Exercise aim: Your copy should contain exactly the lines from the one that holds "NBA 2K23, Devin" through the end of the material, reproduced as written, with no pictures.

Dataset extract:
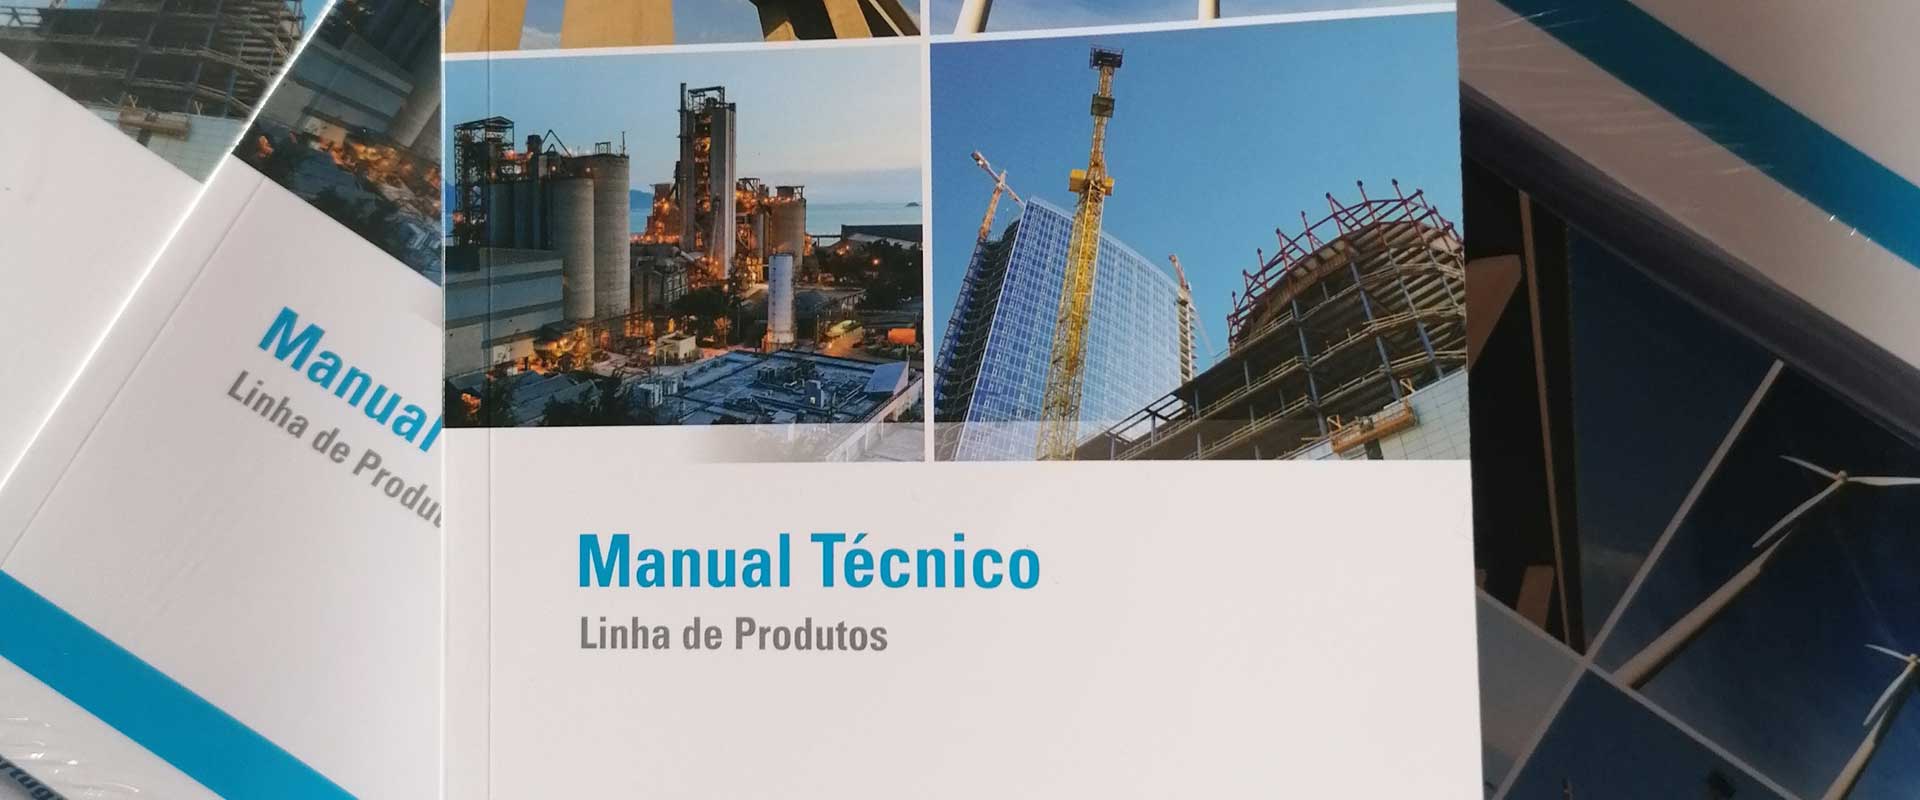 Manual Técnico - Linha de Produtos
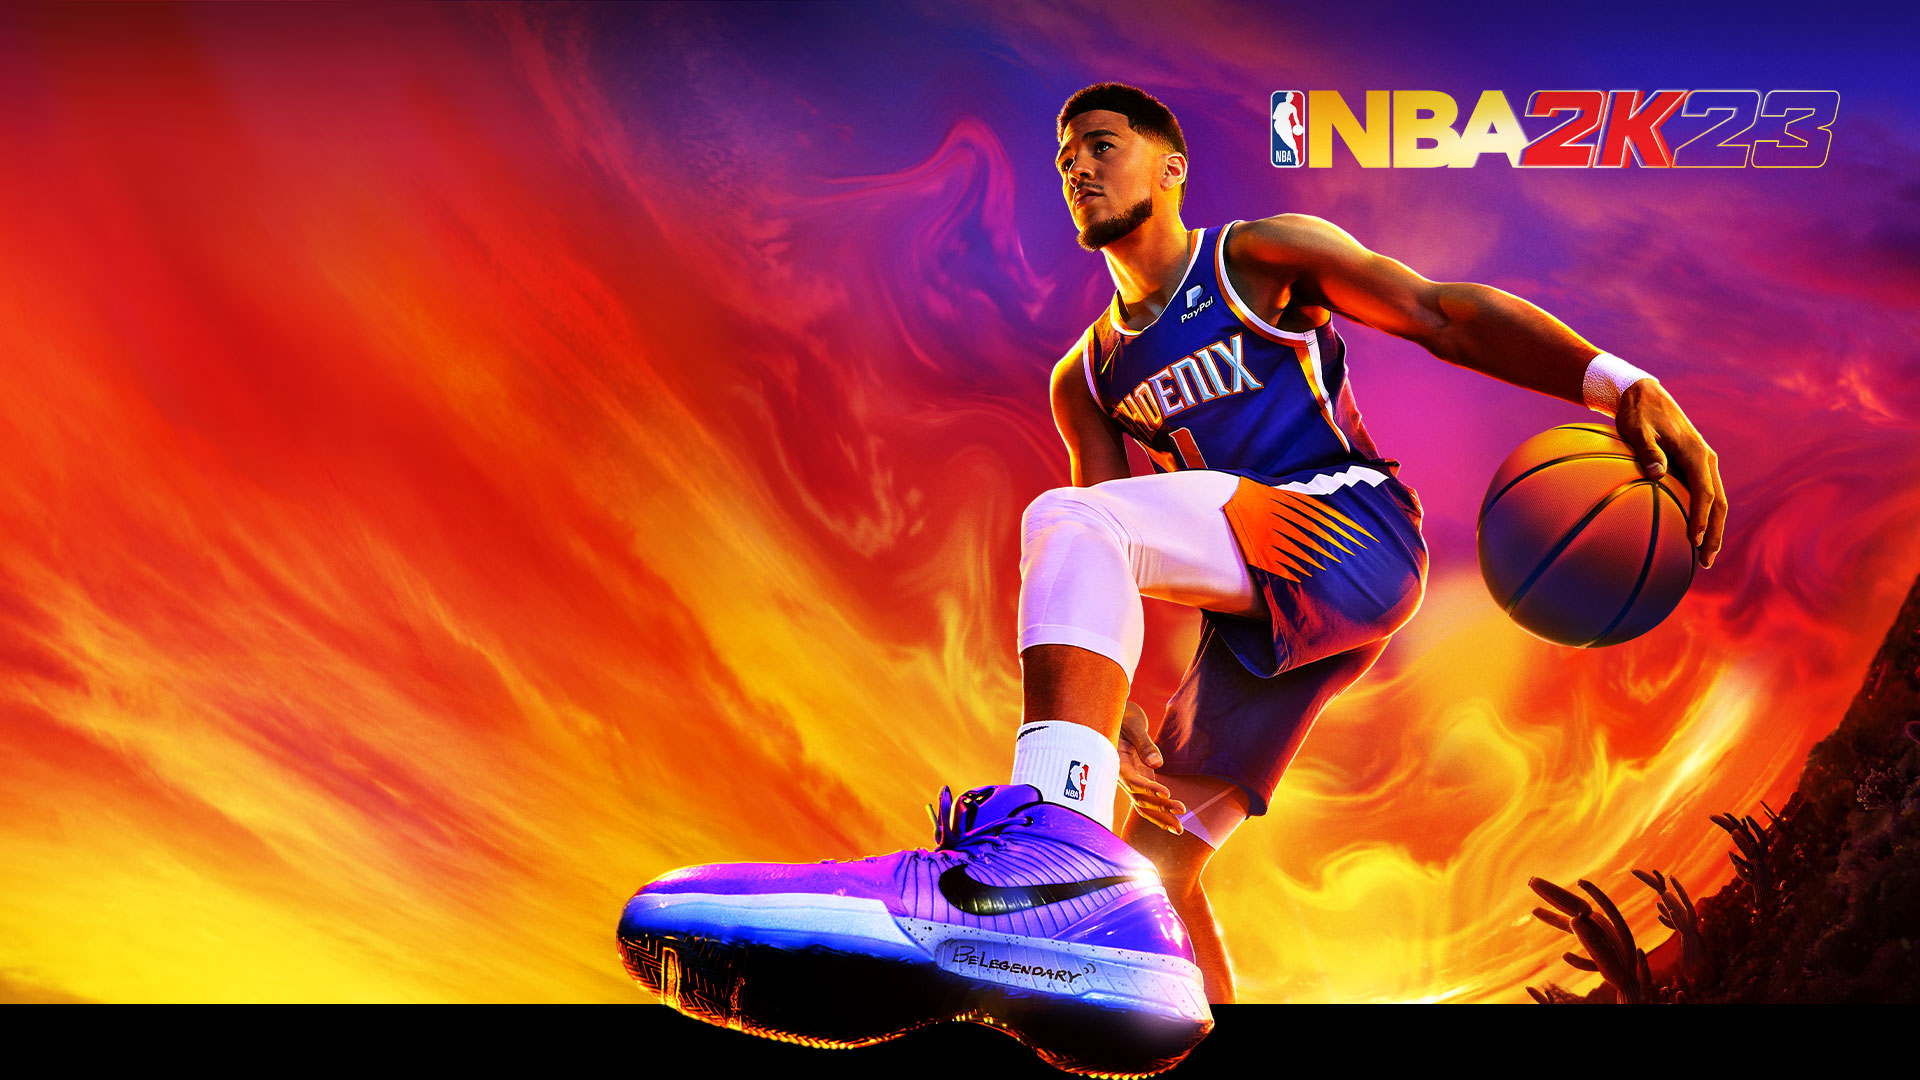 NBA 2K23, Devin Booker, nummer ett för Phoenix Suns, dribblar en basketboll under en färgstark ökenhimmel.
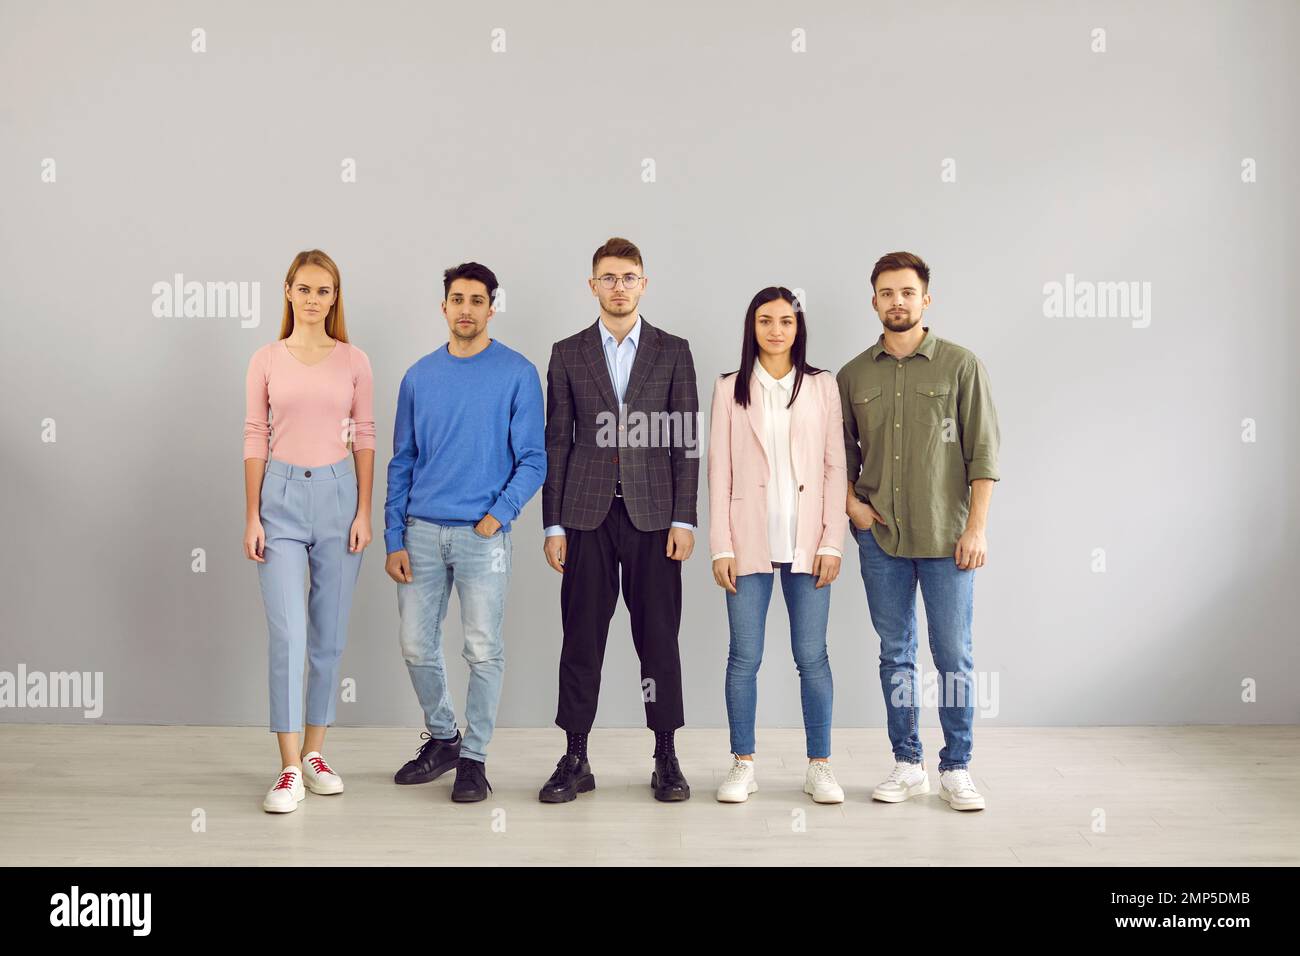 Gruppenporträt von fünf seriösen jungen Menschen in eleganten Freizeitkleidung, die im Studio stehen Stockfoto
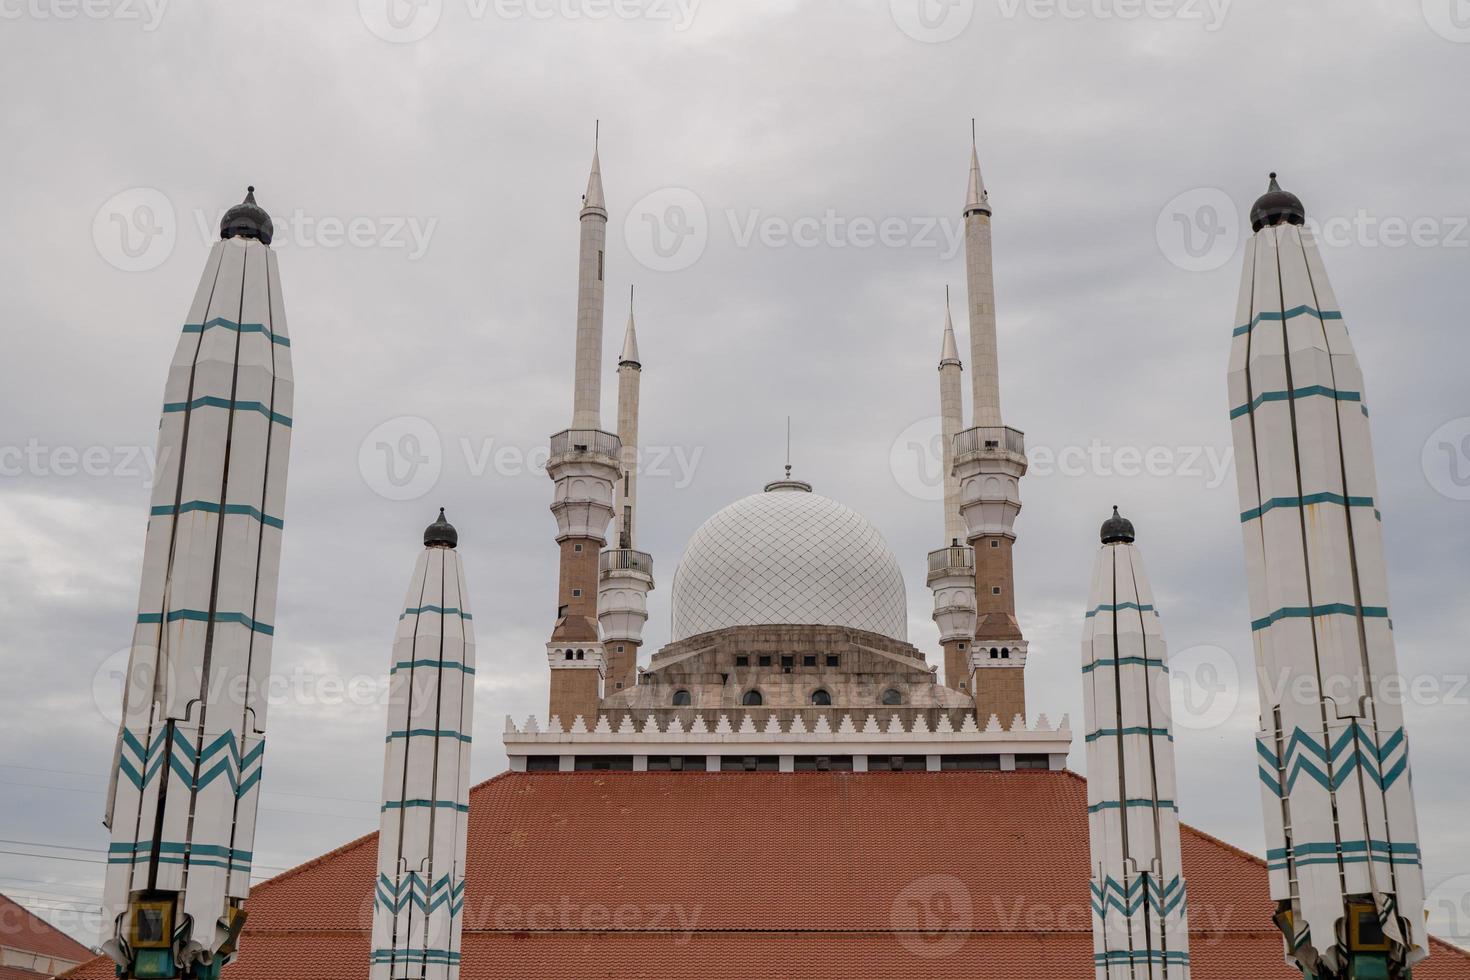 großartig Moschee auf das Semarang zentral Java, wann Tag Zeit mit wolkig Himmel. das Foto ist geeignet zu verwenden zum Ramadhan Poster und Muslim Inhalt Medien.

Your response:
 NBA 2K23, Devin Booker, nummer ett för Phoenix Suns, dribblar en basketboll under en färgstark ökenhimmel.
 Gruppenporträt von fünf seriösen jungen Menschen in eleganten Freizeitkleidung, die im Studio stehen Stockfoto
 großartig Moschee auf das Semarang zentral Java, wann Tag Zeit mit wolkig Himmel. das Foto ist geeignet zu verwenden zum Ramadhan Poster und Muslim Inhalt Medien.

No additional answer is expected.